[Dataset excerpts]
.....

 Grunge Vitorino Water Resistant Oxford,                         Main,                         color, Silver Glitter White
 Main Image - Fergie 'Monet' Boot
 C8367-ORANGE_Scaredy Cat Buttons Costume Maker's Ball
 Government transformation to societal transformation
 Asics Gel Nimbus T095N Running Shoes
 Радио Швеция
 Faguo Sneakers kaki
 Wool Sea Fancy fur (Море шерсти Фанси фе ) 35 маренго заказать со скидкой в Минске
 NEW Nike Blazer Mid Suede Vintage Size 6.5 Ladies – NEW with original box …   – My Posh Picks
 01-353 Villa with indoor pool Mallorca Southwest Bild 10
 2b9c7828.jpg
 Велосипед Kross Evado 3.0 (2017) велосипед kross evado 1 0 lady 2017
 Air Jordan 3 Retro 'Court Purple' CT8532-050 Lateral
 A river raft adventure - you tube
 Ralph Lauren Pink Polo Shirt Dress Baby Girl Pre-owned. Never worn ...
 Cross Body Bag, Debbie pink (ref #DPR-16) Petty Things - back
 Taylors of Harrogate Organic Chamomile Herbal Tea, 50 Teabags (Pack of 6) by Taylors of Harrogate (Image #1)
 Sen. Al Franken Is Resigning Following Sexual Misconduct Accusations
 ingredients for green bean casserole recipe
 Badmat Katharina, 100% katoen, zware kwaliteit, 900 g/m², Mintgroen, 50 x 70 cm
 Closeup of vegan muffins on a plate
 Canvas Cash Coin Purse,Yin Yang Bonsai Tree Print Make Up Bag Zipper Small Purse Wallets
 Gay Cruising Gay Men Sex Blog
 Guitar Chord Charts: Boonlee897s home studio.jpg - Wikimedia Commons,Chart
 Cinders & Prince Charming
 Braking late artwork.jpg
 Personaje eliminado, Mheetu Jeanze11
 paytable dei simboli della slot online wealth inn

.....

» WHAT YOU ARE ASKED TO DO:
Begin at the line that has "Велосипед Kross Evado 3.0" in the entries above; stop after the line that has "ingredients for green bean casserole recipe". Transcribe exactly those lines and no others.

» SOLUTION BELOW:
 Велосипед Kross Evado 3.0 (2017) велосипед kross evado 1 0 lady 2017
 Air Jordan 3 Retro 'Court Purple' CT8532-050 Lateral
 A river raft adventure - you tube
 Ralph Lauren Pink Polo Shirt Dress Baby Girl Pre-owned. Never worn ...
 Cross Body Bag, Debbie pink (ref #DPR-16) Petty Things - back
 Taylors of Harrogate Organic Chamomile Herbal Tea, 50 Teabags (Pack of 6) by Taylors of Harrogate (Image #1)
 Sen. Al Franken Is Resigning Following Sexual Misconduct Accusations
 ingredients for green bean casserole recipe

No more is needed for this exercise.